Results: Twenty-two patients had Crohn's disease (CD) and 4 patients had ulcerative colitis (UC). Unlike any of the UC patients, 10 of the CD patients had suppurative disease (fistulae and abscesses). The median (range) time to diagnosis of AA from diagnosis of IBD was 16.1 (0.3–33) years. Renal amyloid and a proteinuric renal presentation was universal. At baseline, splenic, adrenal and hepatic amyloid deposits were present on SAP scintigraphy in 26, 12 and 3 cases respectively. Median time from renal dysfunction to end-stage renal failure (ESRD) by Kaplan–Meier estimate was 6.3 years. Proteinuria completely resolved and renal excretory function remained stable in 5 patients whose IBD was well controlled and hence whose median SAA levels during follow-up remained ≤12 mg/l. Despite normal serial CRP levels in 1 patient, a median SAA level of 21 mg/l indicated ongoing inflammation and he experienced progressive renal dysfunction culminating in ESRD because of ongoing amyloid formation. Renal transplantation (RTx) was undertaken in 6 patients a median (range) time of 1.7 years (0.2–7.8) from ESRD. Four grafts were functioning at censor 0.8, 3.2, 4.2 and 20.1 years after RTx. Another patient's graft was about to fail at censor because of recurrent urolithiasis 24.6 years after RTx. There was only one graft failure because of amyloid recurrence 14.5 years after RTx in the only patient who had persistently elevated SAA levels over a prolonged period after RTx.

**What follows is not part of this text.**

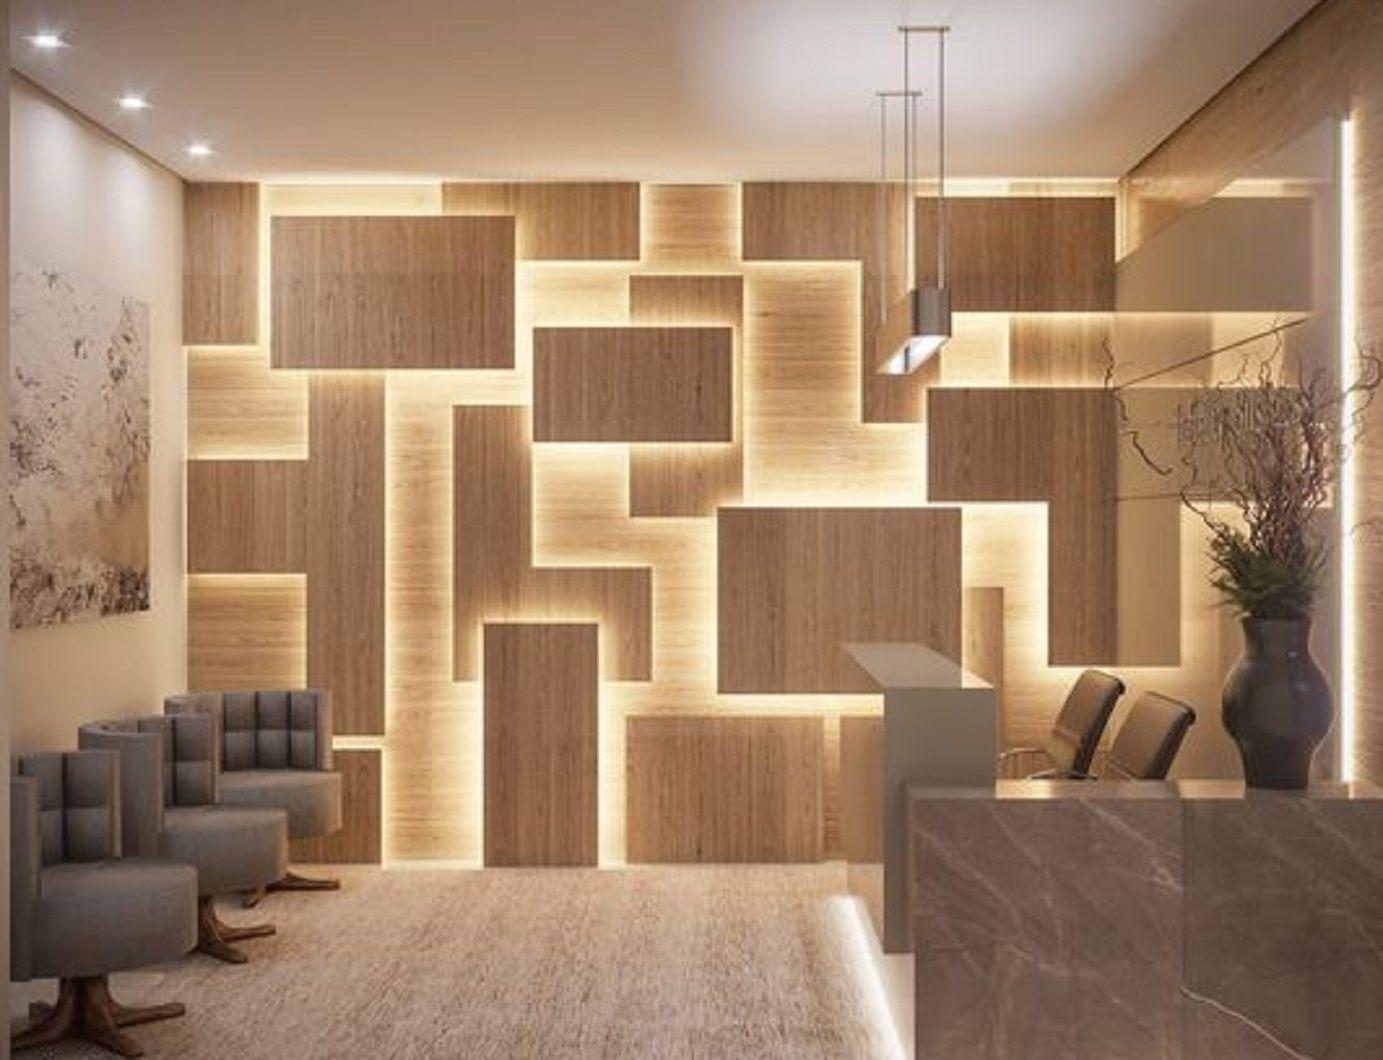 Inspiration Inspiracion Inspiration Tecnoyciencia Habitacion Wall Decor Design Interior Wall Design Wall Lighting Design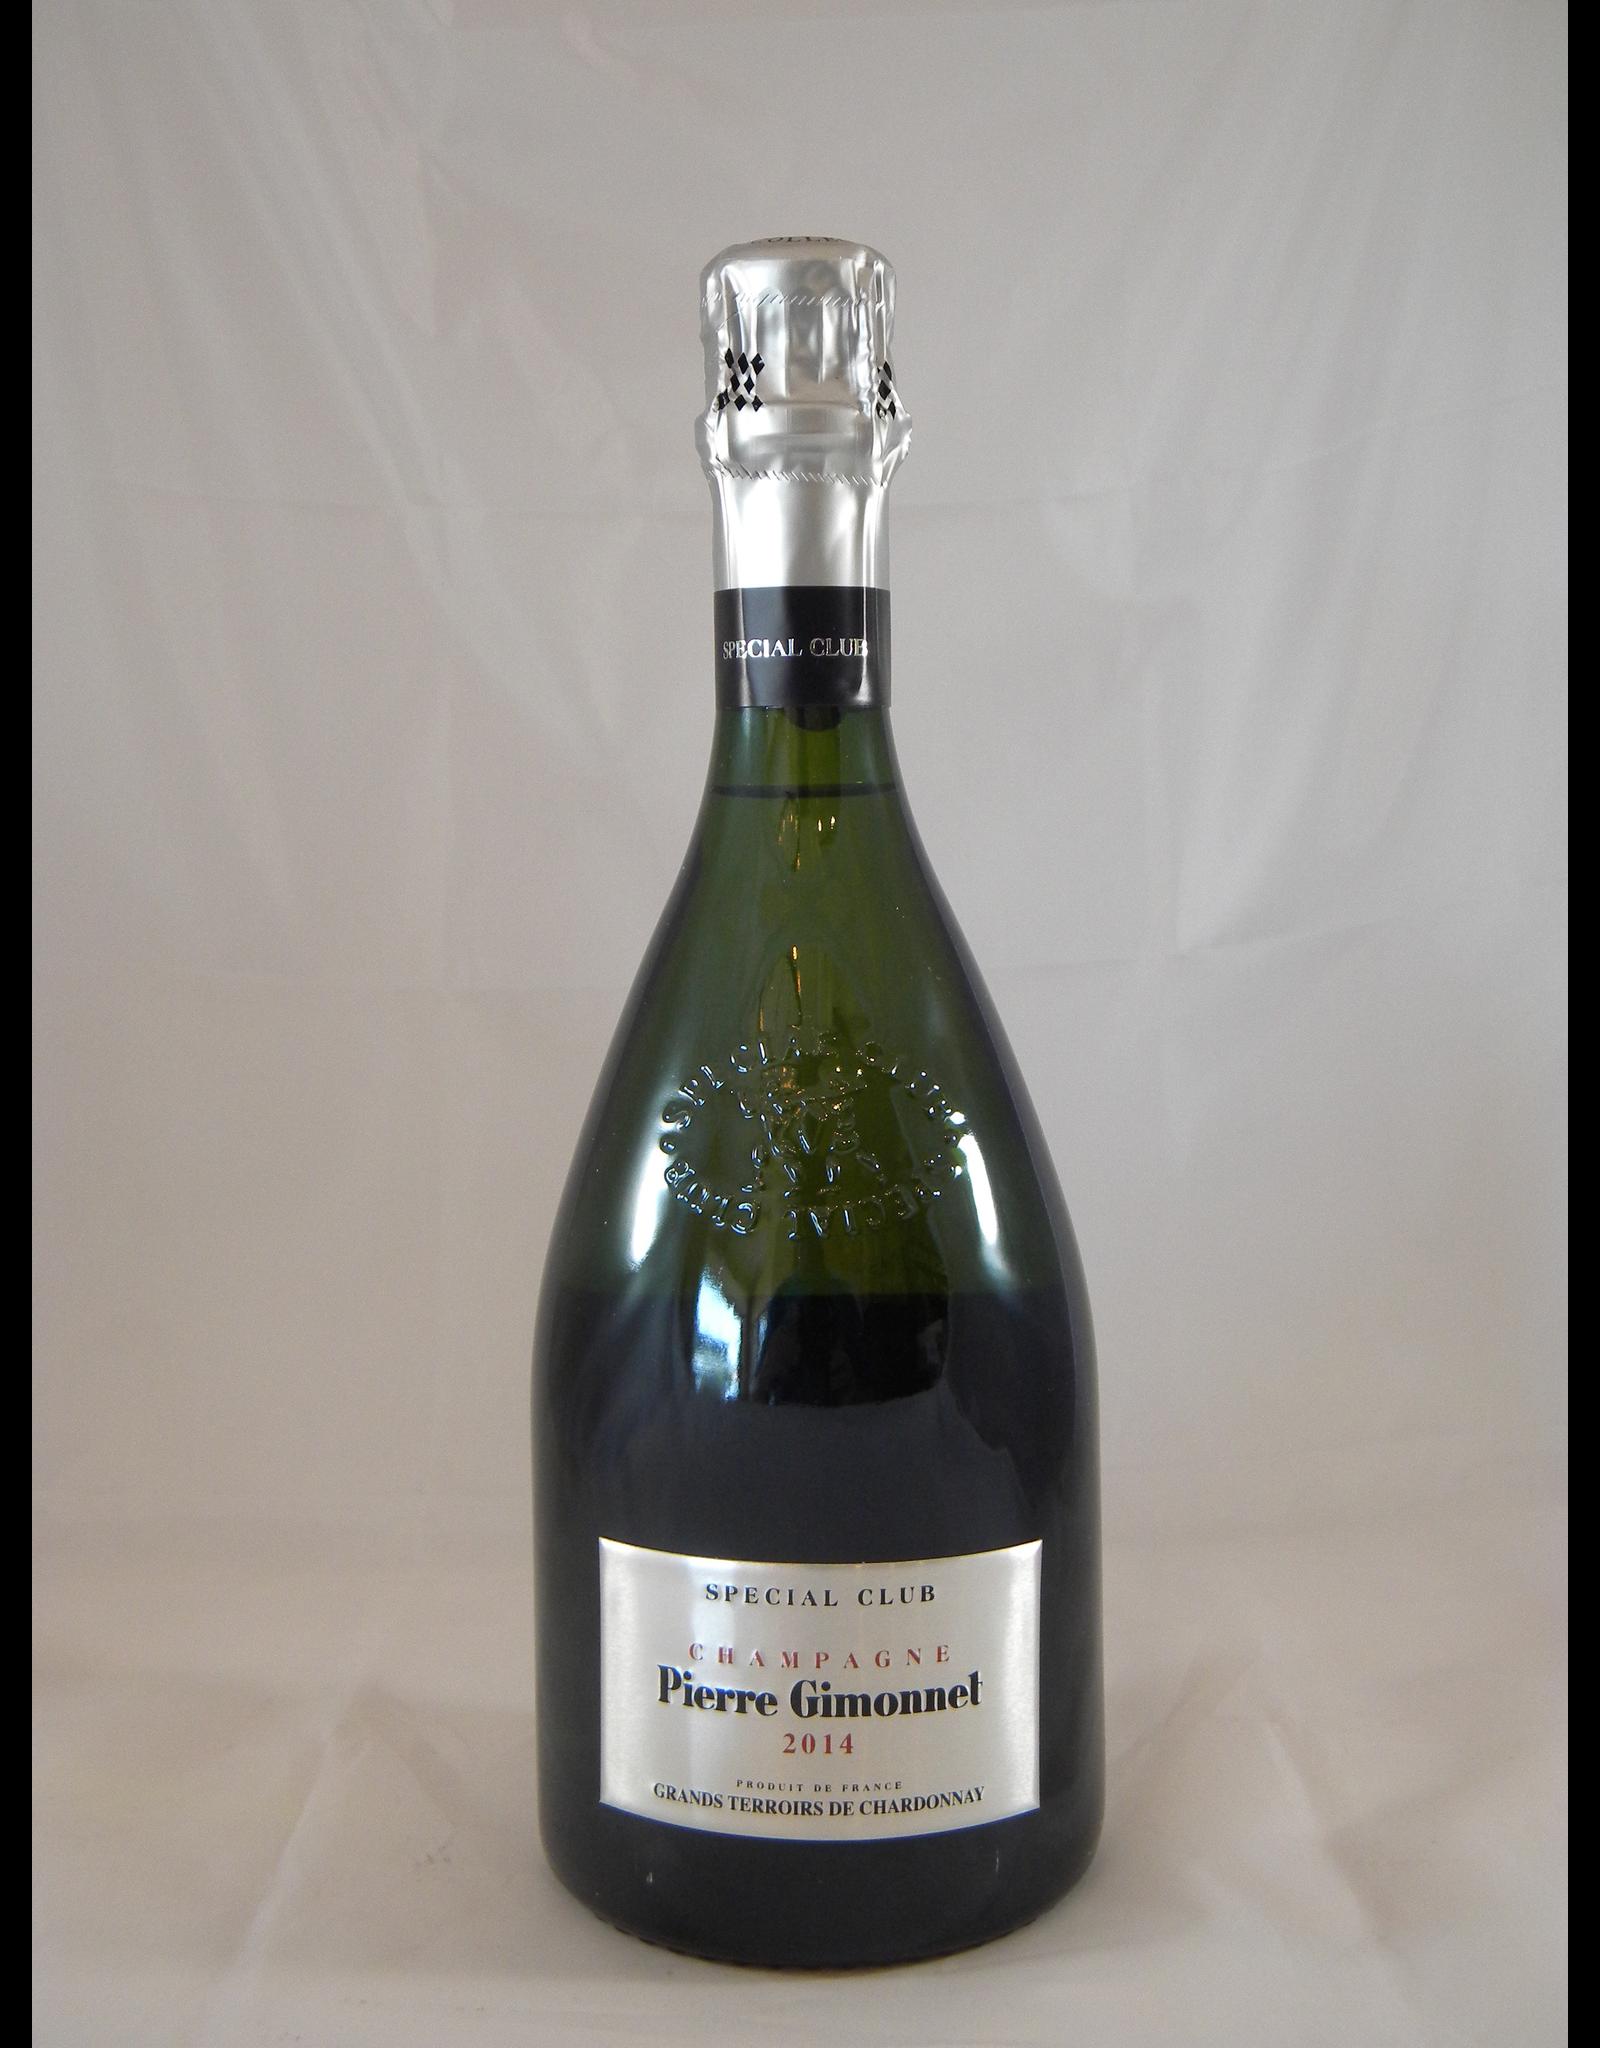 Pierre Gimonnet Champagne Brut Special Club 2014

Conclusions: AA associated with IBD is more common in CD than UC, perhaps related to the greater prevalence of suppurative features in the former. It presents with proteinuric renal dysfunction. Cases of IBD should be screened for AA with regular urine dipstick testing. Good control of the underlying inflammation (guided by SAA rather than CRP levels) can result in stabilisation or regression of amyloid and improvement in organ function. RTx is recommended in selected cases provided that inflammation is controlled.